I prefer the Saskatchewanian term for this item of clothing: Bunny Hug.
Well - back in the day, yeah, that was mainly where I saw and used them. They are way more popular for casual hanging out in now.
Gibson’s Bigend trilogy educated me quite a bit about military garb’s influence on “street fashion,” which is quite interesting as well.
This Day in Fashion History –
WaPo’s publication of an 8-page manifesto reminds America that hoodies aren’t just sportswear…they’re a statement!
I’m so old I still refer to them as “hooded sweatshirts”. The term “hoodie” seems too flashy to me.
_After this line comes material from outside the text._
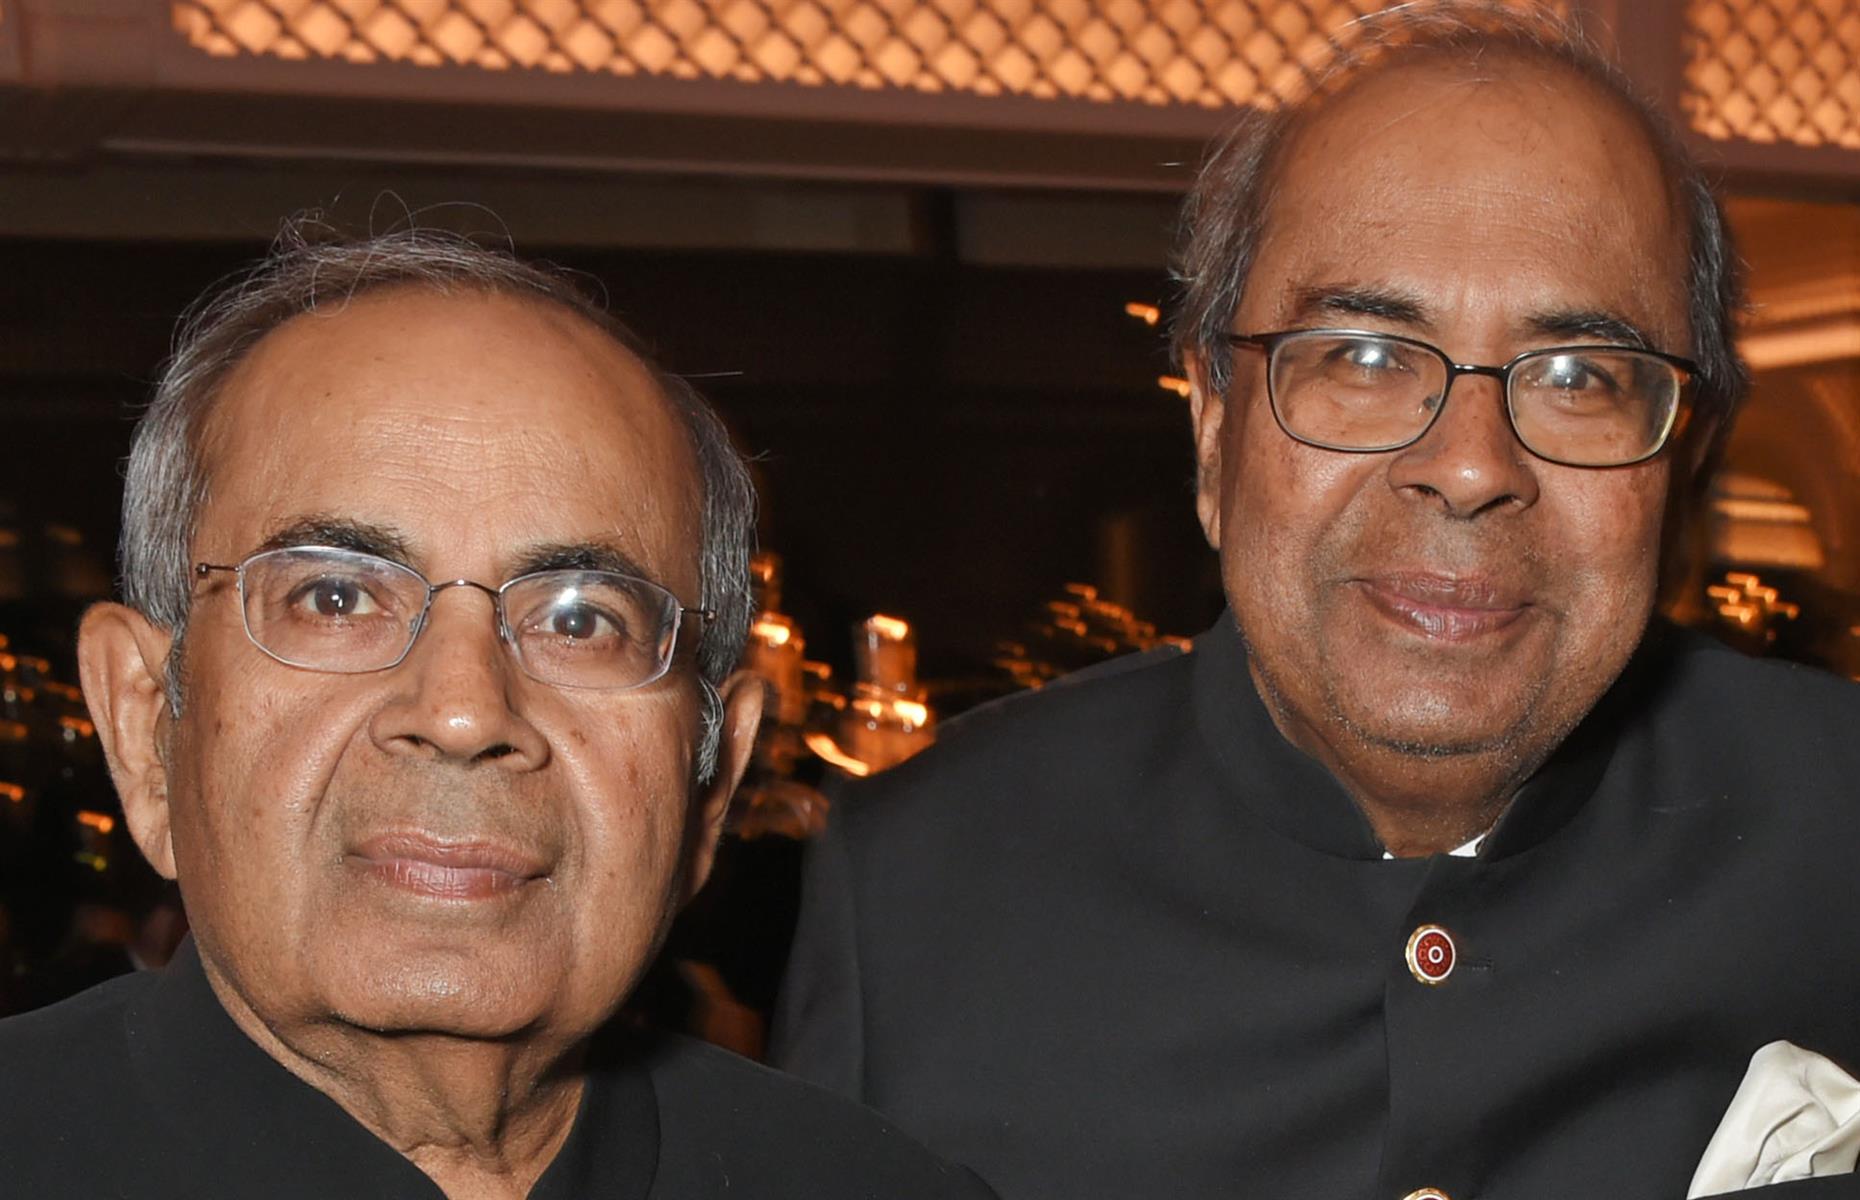 <p>Topping the UK's <em>Sunday Times</em> Rich List, the Indian-born Hinduja family derives its £35 billion ($43.4bn) fortune from the Hinduja group: a global conglomerate with interests ranging from healthcare to banking. The clan owns swathes of luxury real estate in London, including a 67,000-square-foot property near Buckingham Palace. </p>  <p>Proving that money can't always buy happiness, however, the Hindujas have been feuding for years. Sri Hinduja, who passed away in May this year, took his brothers Gopi (pictured right), Prakash (pictured left), and Ashok to court in 2015 following a disagreement over the ownership of a Swiss bank. Last year a judge overseeing the case ruled that Sri's medical needs, primarily treatment for dementia, weren't being met amid the tension.</p>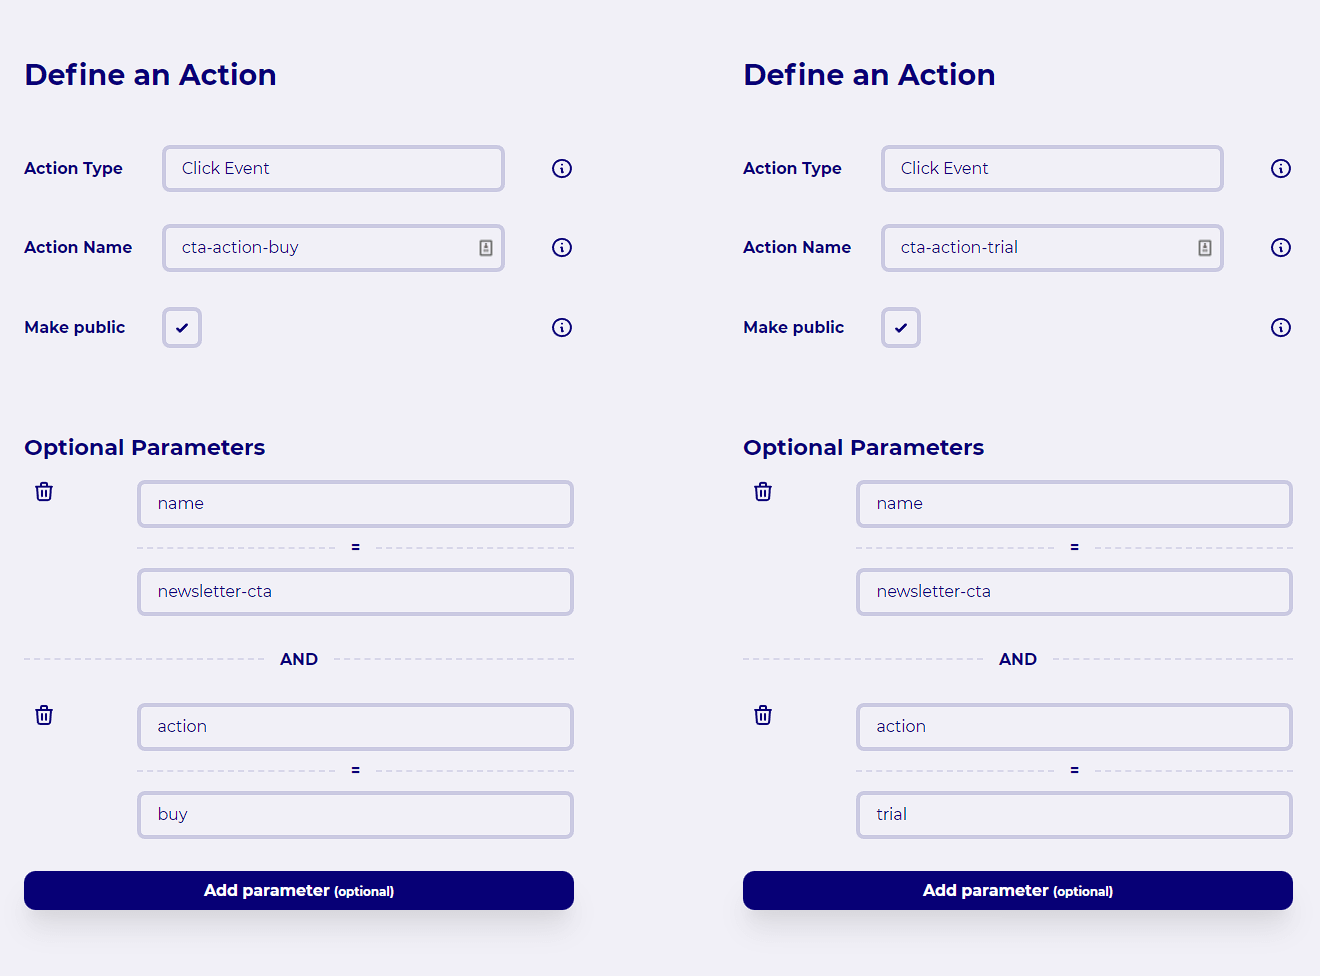 Create two Custom Event action filters for comparison

Well, I think I’m going to be using that term a bit this year. Any origin/explanation for it that I can provide when I get confused looks?
Wish I knew, but that’s definitely what people from Saskatchewan call 'em (must be the pullover kind though, no zippers).
In fashion-speak, isn’t sportswear just about anything an ordinary person wears? Polo shirts, certainly, but if I understand right, also any men’s wear less formal than business suits. A sport coat is something you wear with a tie and slacks made out of a different fabric. It includes what most people now would think of as business casual. Women’s sportswear is the same.
I don’t think that “streetwear” has quite as established a meaning, but I don’t think it matches up at all with what people mean when they say something’s “very street.” I think, for instance, that almost any women’s shoes without heels, barring maybe ballet flats, are “streetwear.”
Specialized vocabularies can can cause confusion. I think there’s a bit of that going on here.
ETA: I’ve heard hoodies called “street fashion.” That does carry a bit of the modern meaning of “street.” I think the usage is very different than “streetwear” though.